## WHAT YOU HAVE TO DO:
For the entries below, copy exactly the line that contains "Những điều nên" through the line that contains "高校生クラスTシャツ2019京都府立洛北高校 (3-6)様(デカプリMAX)", both ends included, and exclude all pictures.

***** INFORMATION SUPPLIED

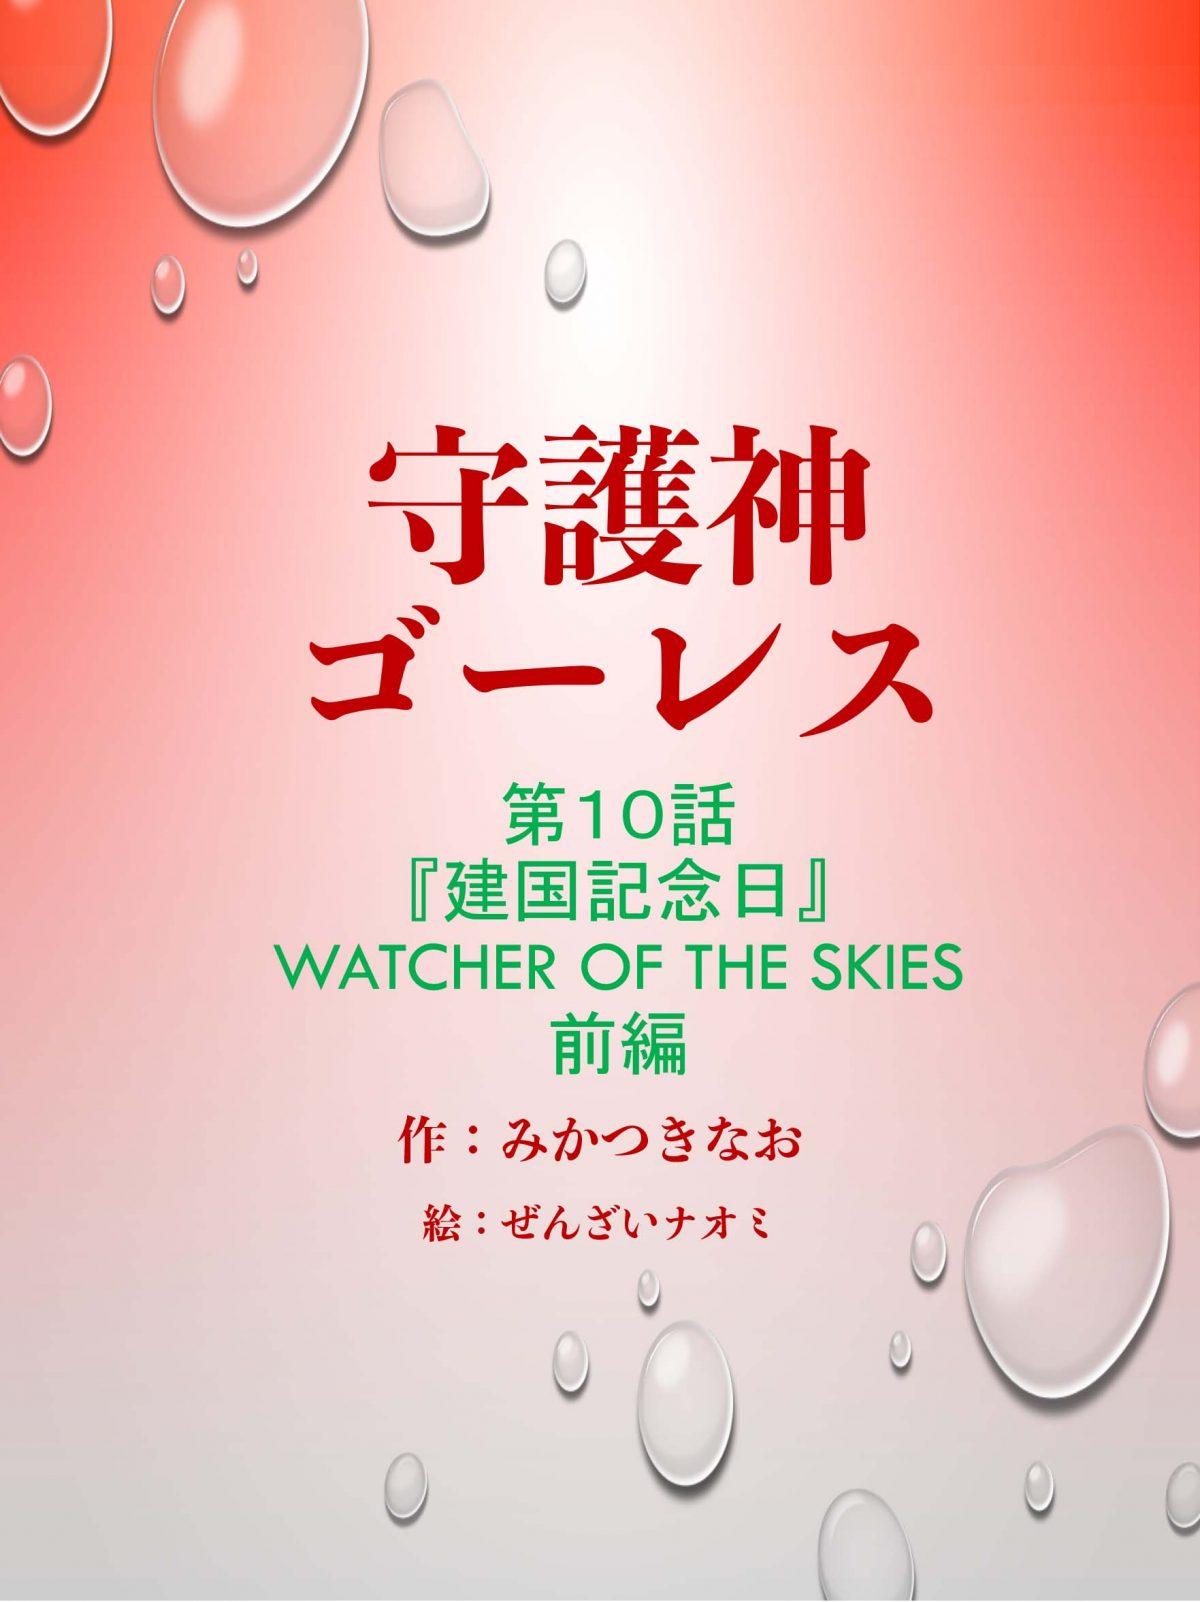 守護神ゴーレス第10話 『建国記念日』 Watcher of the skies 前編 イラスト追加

**********
***** INFORMATION SUPPLIED

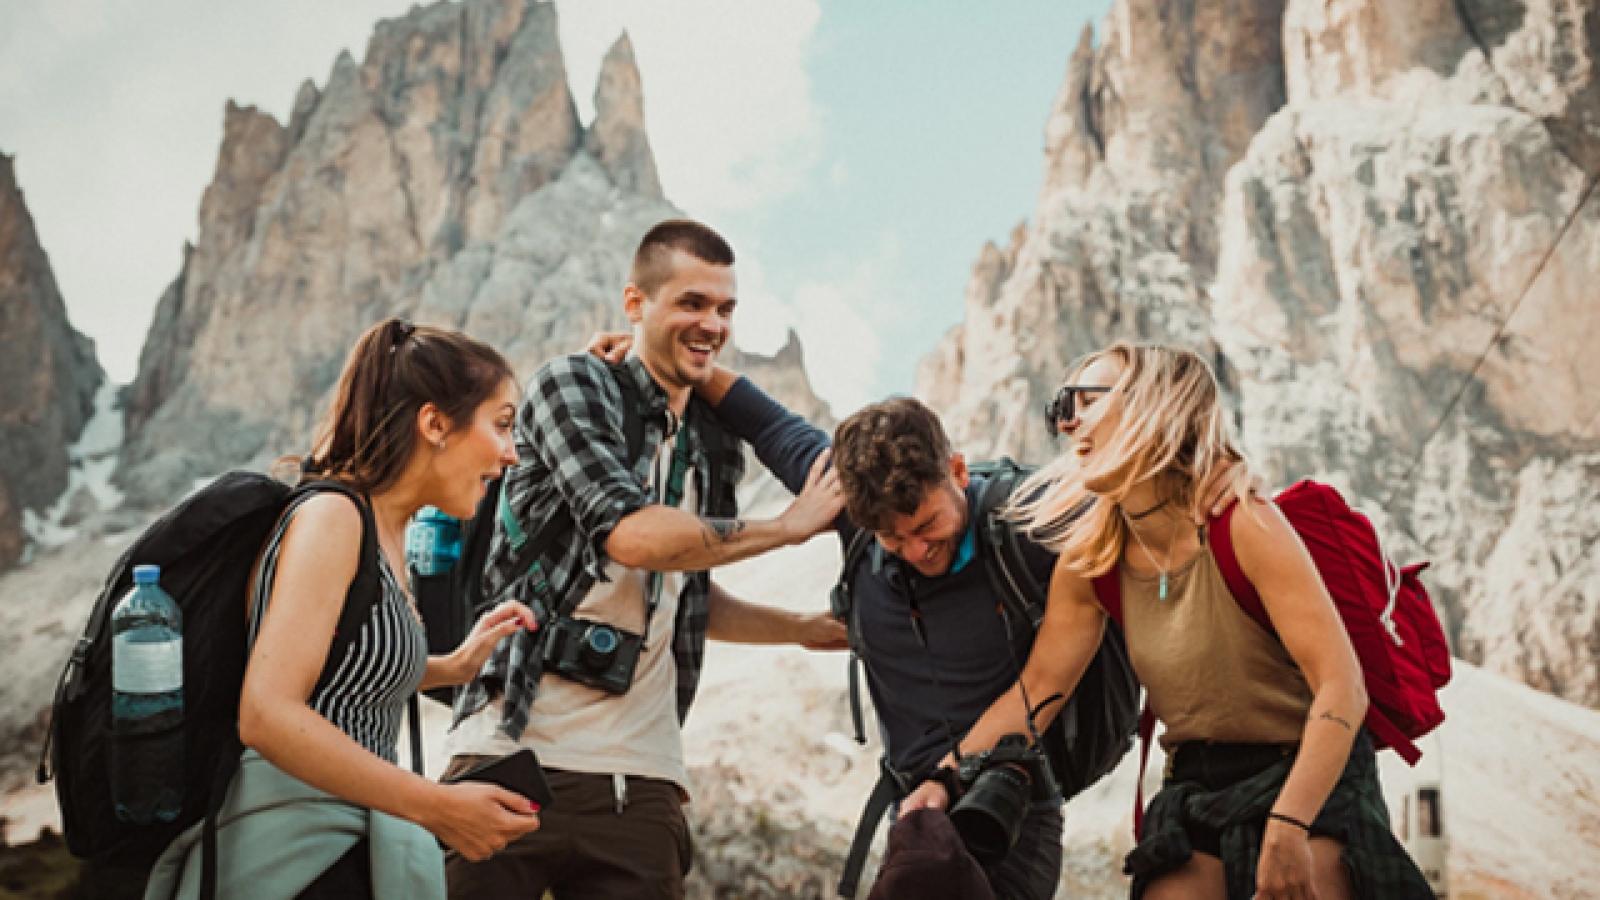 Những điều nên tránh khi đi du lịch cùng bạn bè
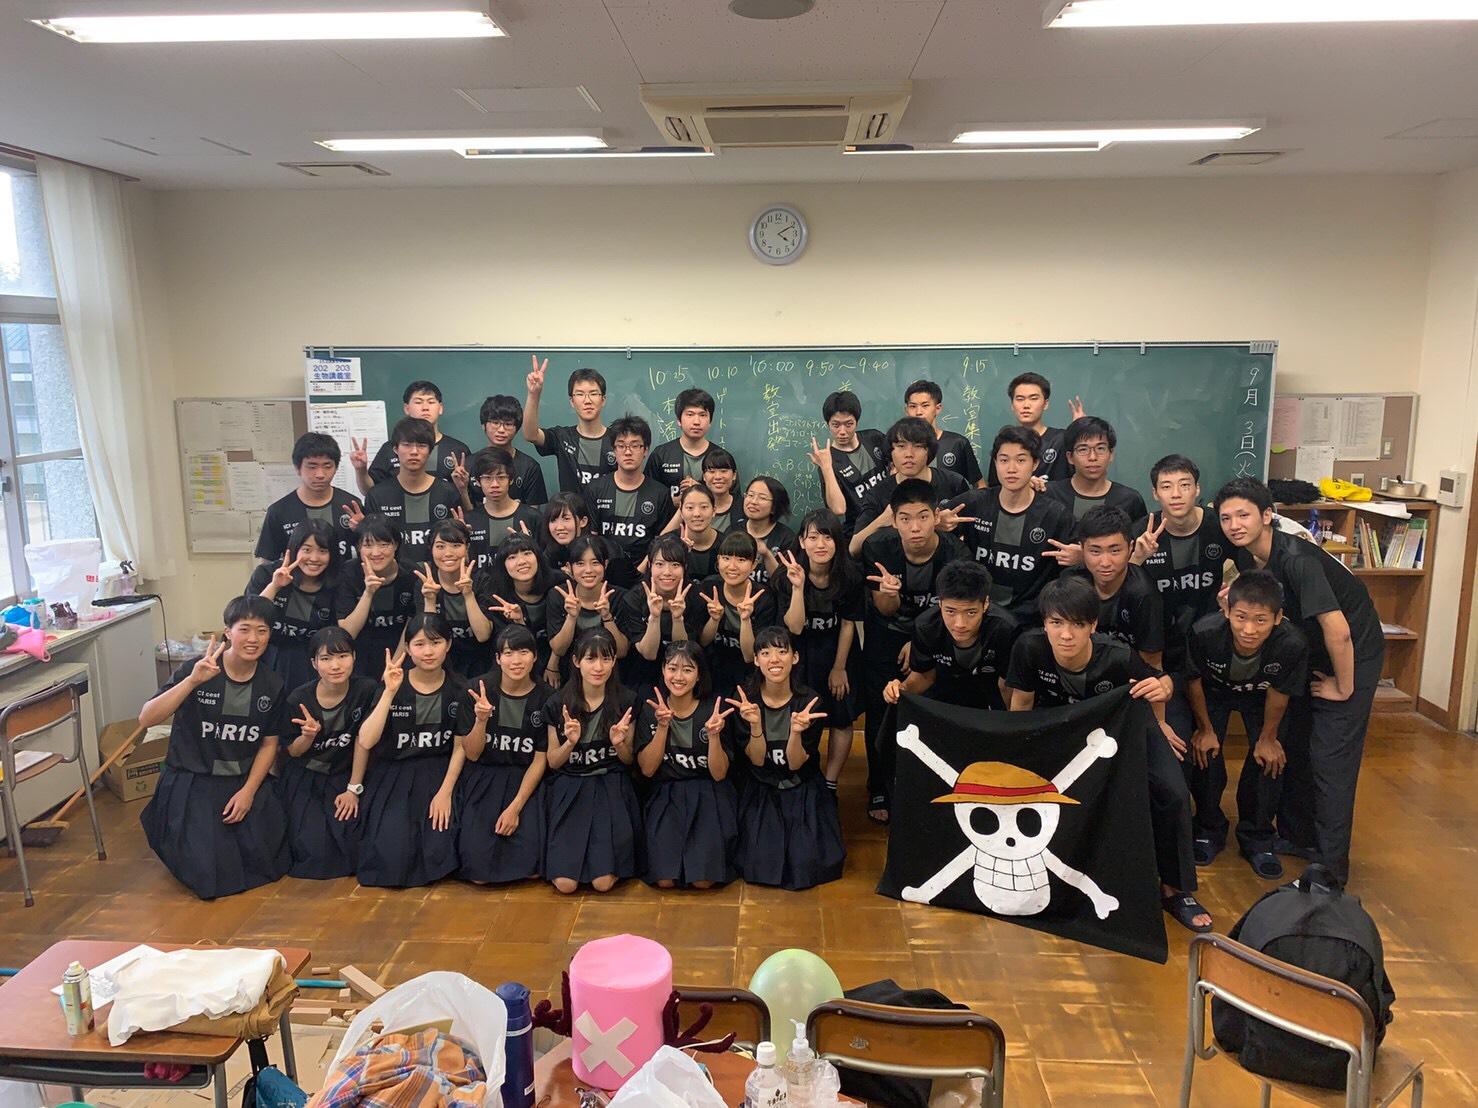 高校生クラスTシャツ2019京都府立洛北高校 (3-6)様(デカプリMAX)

**********

## ANSWER BELOW:
 Những điều nên tránh khi đi du lịch cùng bạn bè
 高校生クラスTシャツ2019京都府立洛北高校 (3-6)様(デカプリMAX)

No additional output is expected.